**Introduction**

In this notebook we are going to do a very trivial task of finding a next odd number given a input sequence. That is, if the input sequence is 35, 37 our model should predict 39 as output. The goal of this notebook is to observe how a neural network is learning and see why choosing a right hyperparameter matters.

**Good model is all about good selection of features, number of layers, learning rate and other hyperparameter**

When we start designing a neural network system much of the task is to determine right amount of layers, the right amount to hyperparamters. There is a very little chance that we will get good results in our first attempt if we start to choose hyperpaters and number layers arbitarily. The best approach is to look at the literature and find out what people are doing. If it work for them, then it will work for us too.

When we first attempt to solve the problem of determinig a next odd number, We started randomly with 4 layer neural network. The result was terrible. If we take a copy and pencil The task of determining a next odd number is very simple such that we don't need a very deep neural network. But simple doens't mean it is alwyas easy to implement.

In this case Just a input layer and single computation layer at output is sufficient to calculate a odd number. But what will be the limit to trainset. There are infinite odd numbers both +ve and -ve. Our model will be as good as our training set is. 

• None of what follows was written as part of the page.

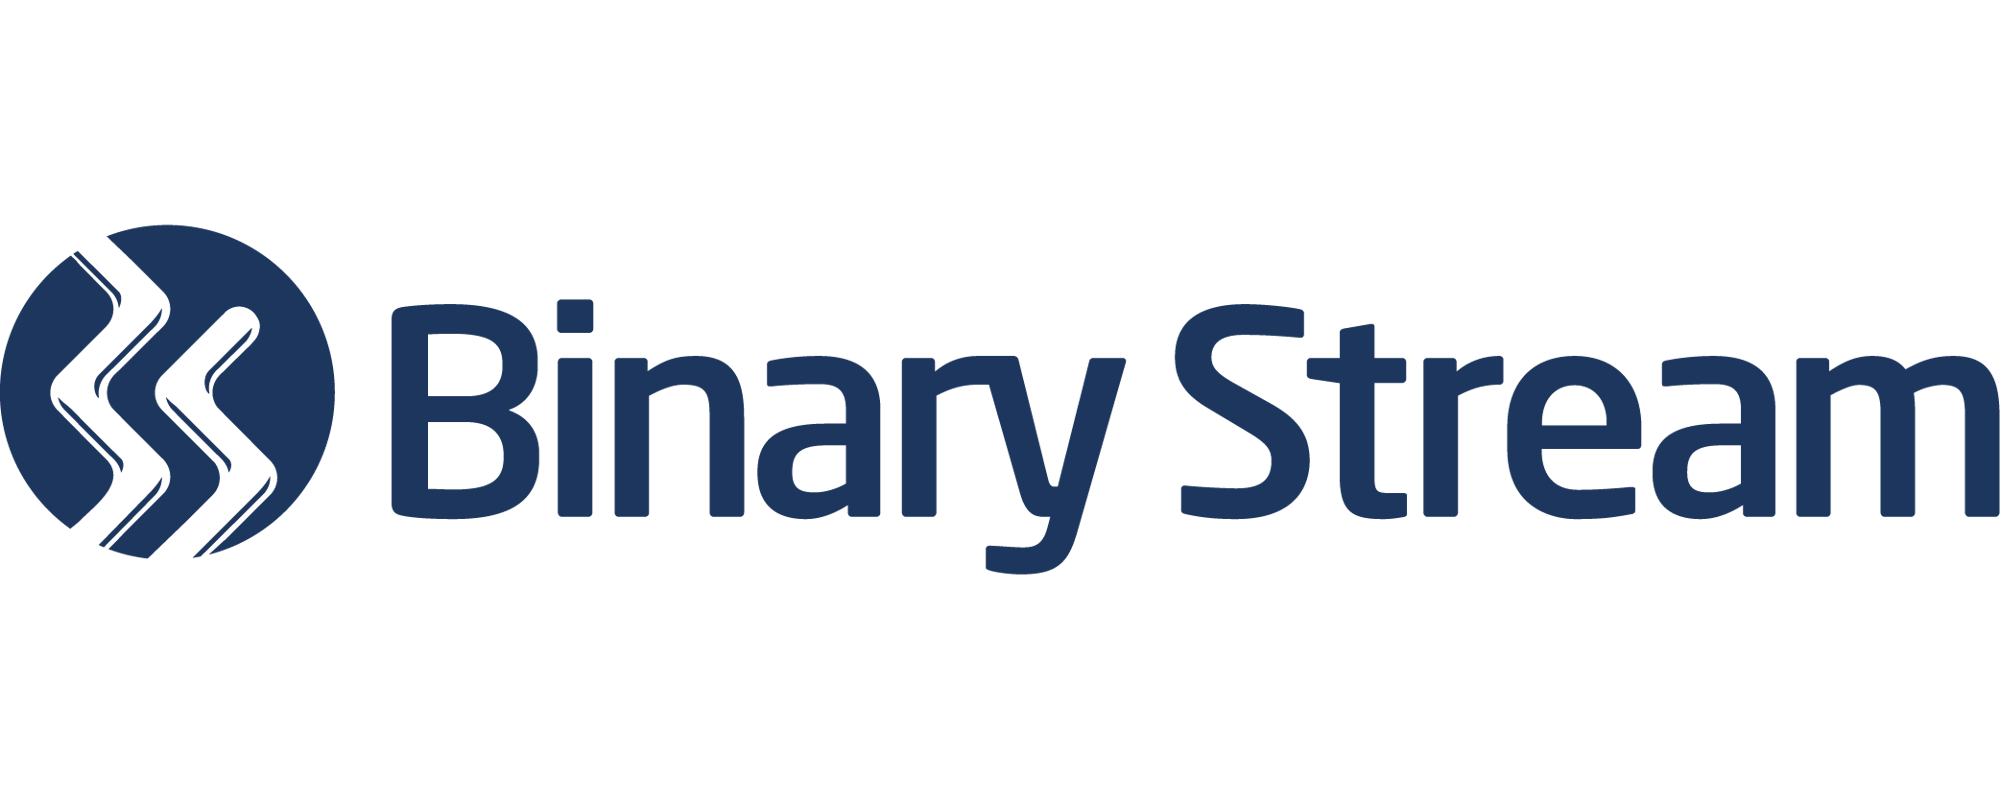 Binary Stream

Another problem will be what will be the length of input sequence. We can take only 1 number as input sequence, we can take 2, we can take 10. These things really matter because the goal is to reach to a certain number by multiplication and addition. The more numbers, the more complication. Another idea it give us is if we can take multiple number as input, then we can have multiple number as output, say input is 1, 3 and output will be 5 and 7 or anything like this.

**Representation of Input Sequence**

Next problem is representation of the input sequence, we can take input sequence as 1, 3, 5 or one-hot encode them. If we have a large vocabulary then one-hot encode will be very bad as much of the task will be multiplication with 0s, so we may use embedding to select corresponding rows and sum them up to avoid the multiplication with 0s.

**Learning Rate**

The problem with gradients is they work for very small amount. So we scale down the derivative by learning rate. But if we scale down by very small value our neural net will take forever to learn and if we take large learning rate we will miss the point where error is 0. And we know the goal of a deep learning model is not to make correct prediction but to lower down the error everytime.

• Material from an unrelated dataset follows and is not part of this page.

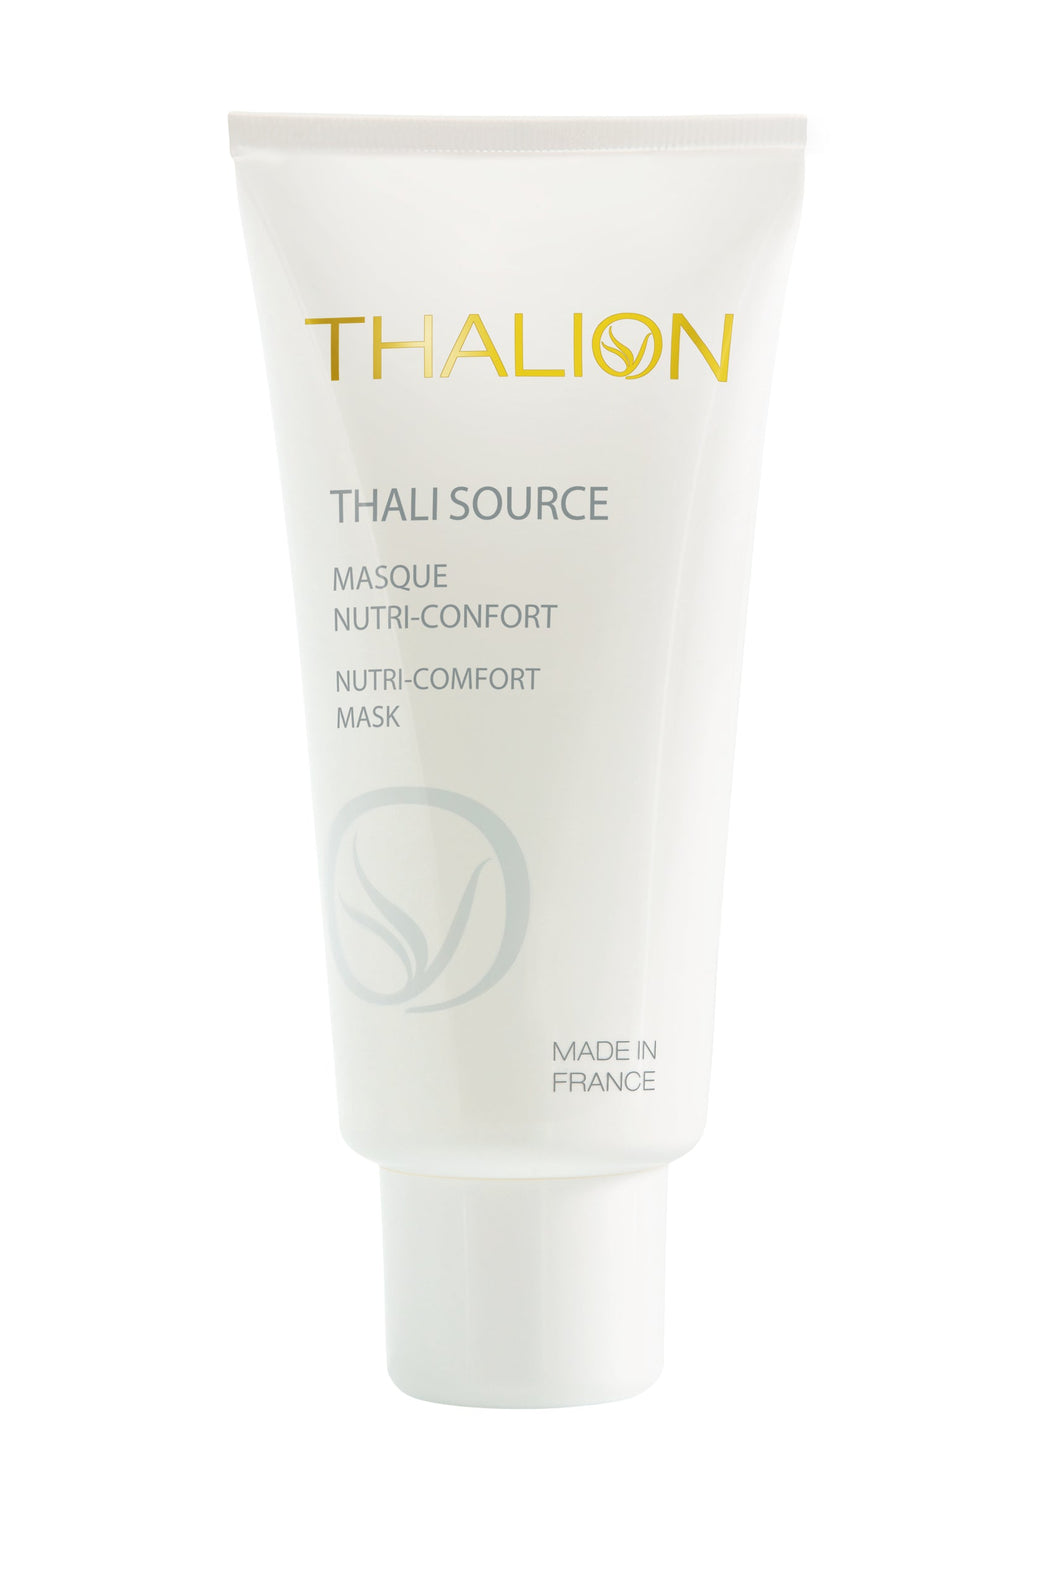 Thali Source Masque Nutri-Confort - Thalion

**Neural Network is adapting to our dataset**
Our neural net is as good as our dataset. The net is training over a training set over and over again. In the following example we train our model from 1 to 999. What will happen if we give a number beyond 999? Our neural net will do good if we provide number very close to 999, but if we select large numbers say 99999995, 99999997, our net will not do good because it has not seen this thing in its training.

In this simple excersise, I have taken a trainset from 1 to 999. I think the the good approach would be to select a very large trainset. But taking such a large trainset would take forever to train. So we may skip some sequences from the trainset. This skipped sequence may be used for testing too.

**Will this next odd number prediction will work for even numbers too?**

Interestingly Yes. The reason lies behind the weights. Because weights is what the neural net learns we can predict the behaviour of neural net in terms of weights.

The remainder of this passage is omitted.